A Comprehensive Data Science Portfolio Project
In today's data analytics landscape, the ability to write code in Python or R is no longer the sole differentiator for a Lead Data Analyst. The true value of a data professional lies in the ability to weave raw, disparate numbers into a compelling business narrative that drives decision-making. This comprehensive report serves as a definitive portfolio project, designed not only to showcase technical mastery of libraries such as Pandas, Seaborn, and Scikit-Learn but to demonstrate a nuanced, executive-level understanding of business strategy, market dynamics, and profitability optimization.
Drawing from best practices for data science portfolios, this project avoids the common pitfall of presenting dry code blocks without context. Instead, it adopts a "story-first" approach, where every line of code, every statistical visualization, and every hypothesis serves a specific business question. The goal is to transform the fictional entity, 'Global Blooms', from a static dataset into a living business case study. By integrating domain knowledge with rigorous statistical analysis, this report diagnoses the underlying causes of margin erosion in Asian markets while identifying untapped pricing power levers available in European and North American sectors.
This document is structured to guide the reader through the complete lifecycle of a data project: from initial client engagement and business hypothesis formulation to granular data cleaning, proceeding through a "Deep Dive" of Exploratory Data Analysis (EDA) with specific visualizations (including elasticity and correlation matrices), and culminating in actionable strategic recommendations.

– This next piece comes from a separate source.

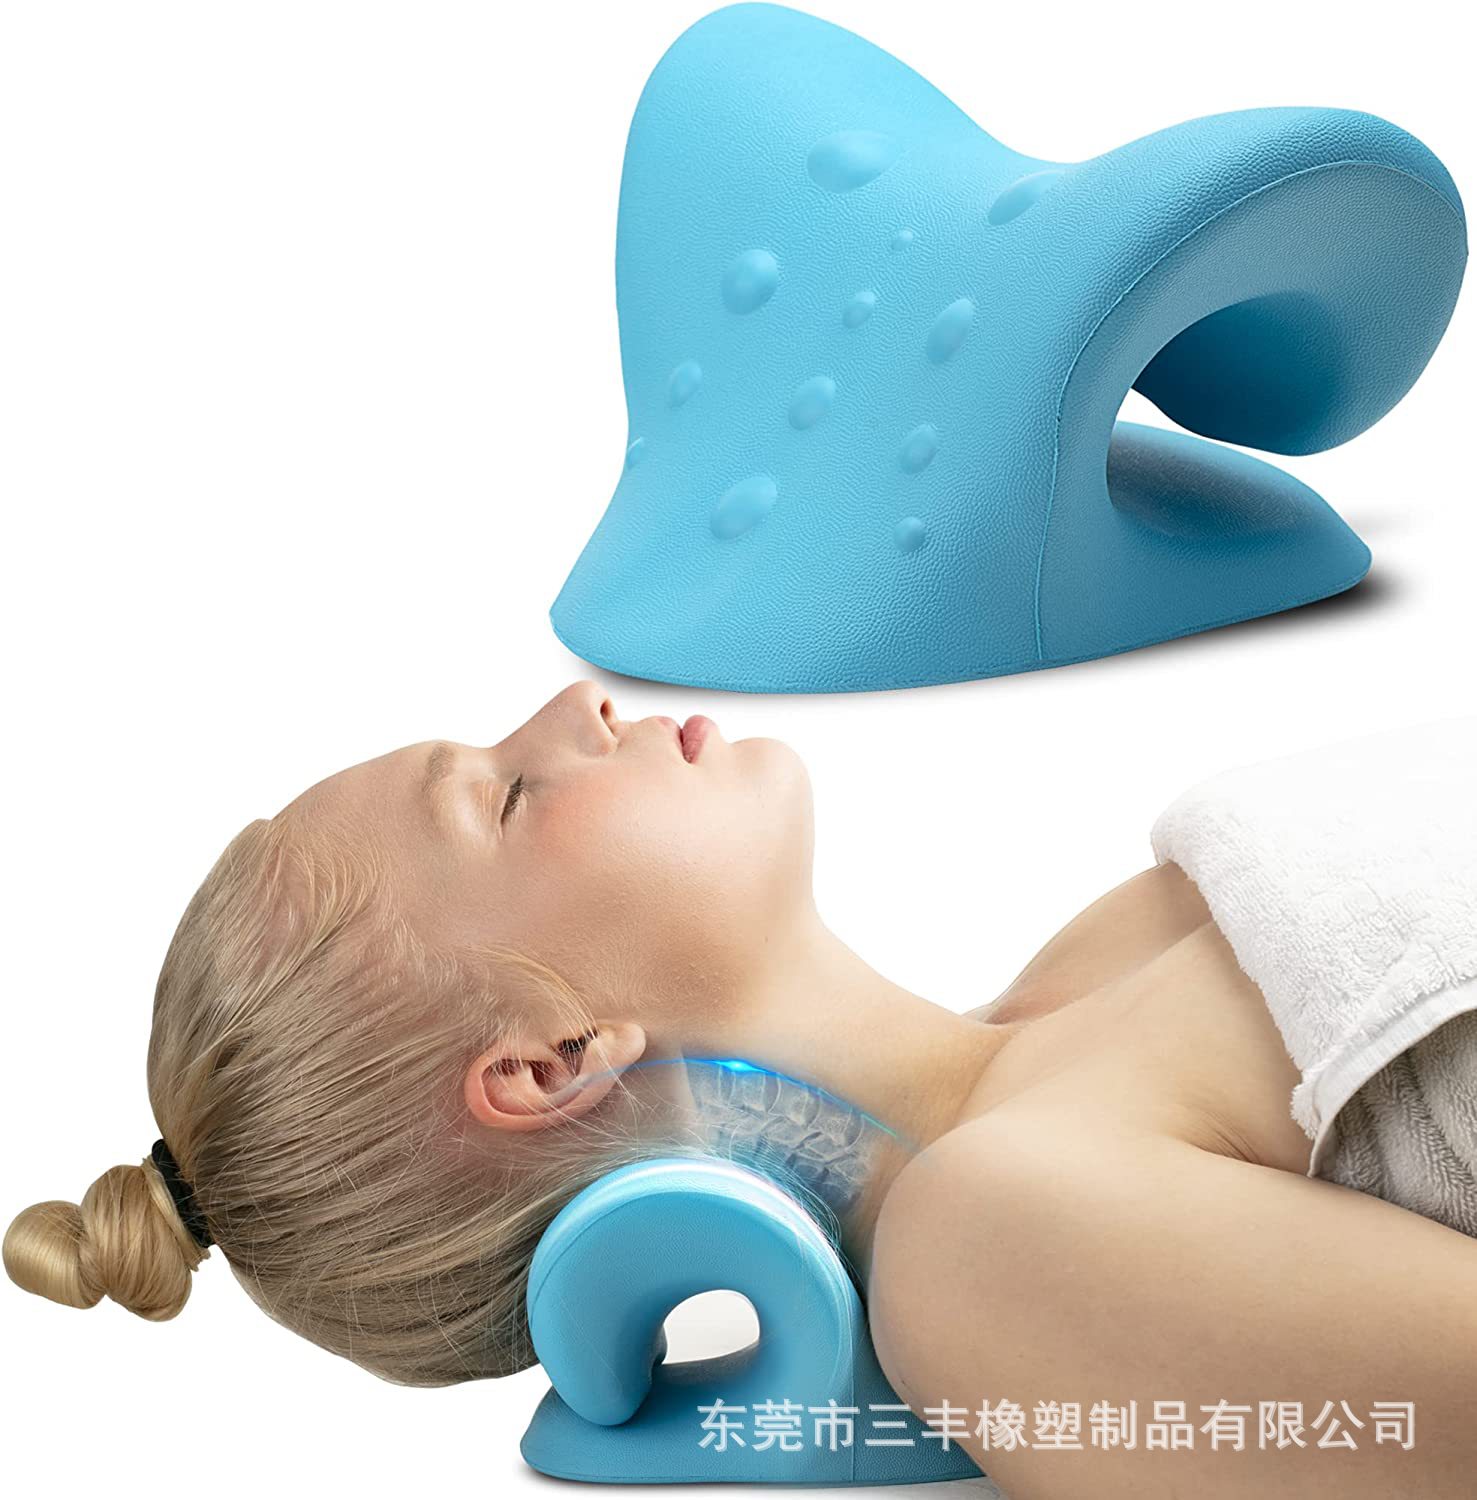 Gravity Neck Pillow 頸椎枕 家用聚氨酯頸椎枕 牽引枕 頸肩按摩枕頭

Global Blooms is a medium-sized international floral distributor specializing in B2B and B2C supply of fresh cut flowers. Founded in 2010, the company has scaled operations across four main regions: United States (USA), Europe, Asia, and Latin America (LATAM). Its product portfolio consists of five main categories: Red Roses, Lilies, Orchids, Sunflowers, and Tulips.
Historically, Global Blooms has operated with a "volume-first" strategy, aggressively expanding market share in emerging economies like Asia and LATAM. However, despite robust gross revenue growth, the Board of Directors has noted a worrying stagnation in net profitability. The Chief Financial Officer (CFO) reached out with a specific concern: "We are moving millions of stems, but our bottom line is flat. We suspect our pricing strategy is disconnected from local market realities, but we lack the granular data visibility to prove it."
The client provided a raw dataset (flowers_pricing_dataset.csv). The mission was clear:
Before writing a single line of code, we established three working hypotheses to guide the investigation:
| Variable Name | Data Type | Description |
|---|---|---|
| Product | Categorical | The specific type of flower (e.g., Red Roses, Lilies). |
| Region | Categorical | The geographic sales market (USA, Europe, Asia, LATAM). |
| Sale_Price | Numeric (Float) | The price per unit charged to the customer (Revenue). |
| Total_Cost | Numeric (Float) | The total cost loaded per unit (cultivation, logistics, overhead). |
| Competitor_Price | Numeric (Float) | The average price charged by direct competitors in the same region. |
| Units_Sold | Numeric (Integer) | Total volume of units sold in the observed period. |
| Unit_Margin | Numeric (Float) | Calculated field: Sale_Price - Total_Cost. |
| Margin_Percentage | Numeric (Float) | Calculated field: Unit_Margin / Sale_Price. |
# Import necessary libraries for data analysis and visualization
import pandas as pd
import numpy as np
import matplotlib.pyplot as plt
import seaborn as sns
# Configuration for clearer output
pd.set_option('display.max_columns', None)
pd.set_option('display.precision', 2)
sns.set(style="whitegrid")
# Define file path
csv_file_path = 'flowers_pricing_dataset_cleaned.csv'
# Custom function for robust data loading
def load_and_inspect_data(filepath):
try:
df = pd.read_csv(filepath)
print(f"--- Data Loaded Successfully: {df.shape[0]} rows ---")
return df
except FileNotFoundError:
return None
# Load the data
df_flowers = load_and_inspect_data(csv_file_path)
Image: Global Blooms Strategic Pricing Dashboard.
The upper right quadrant immediately confirms our initial fears regarding the Asian market. The profit bar for ASIA is dwarfed by EUROPE and USA, validating Hypothesis 1: We are busy, but not profitable in Asia.
Orchids show high volatility and operational inconsistency, while Lilies present a rigid pricing structure.
Lilies Elasticity Analysis in Asia.
Lilies in Asia leave a Unit_Margin of only $1.00 (4.7% return). Simulation warns against drastic price increases in a highly sensitive market.
Europe allows for value-based pricing, with Sunflowers delivering a 44.66% margin.
We identified critical zones: Asia requires urgent cost review (we are expensive but with low margin), while USA offers the opportunity to raise prices as we are low-cost leaders with high profitability.
Final Thoughts: We identified actionable levers to increase regional profitability by 15-20% without acquiring a single new customer.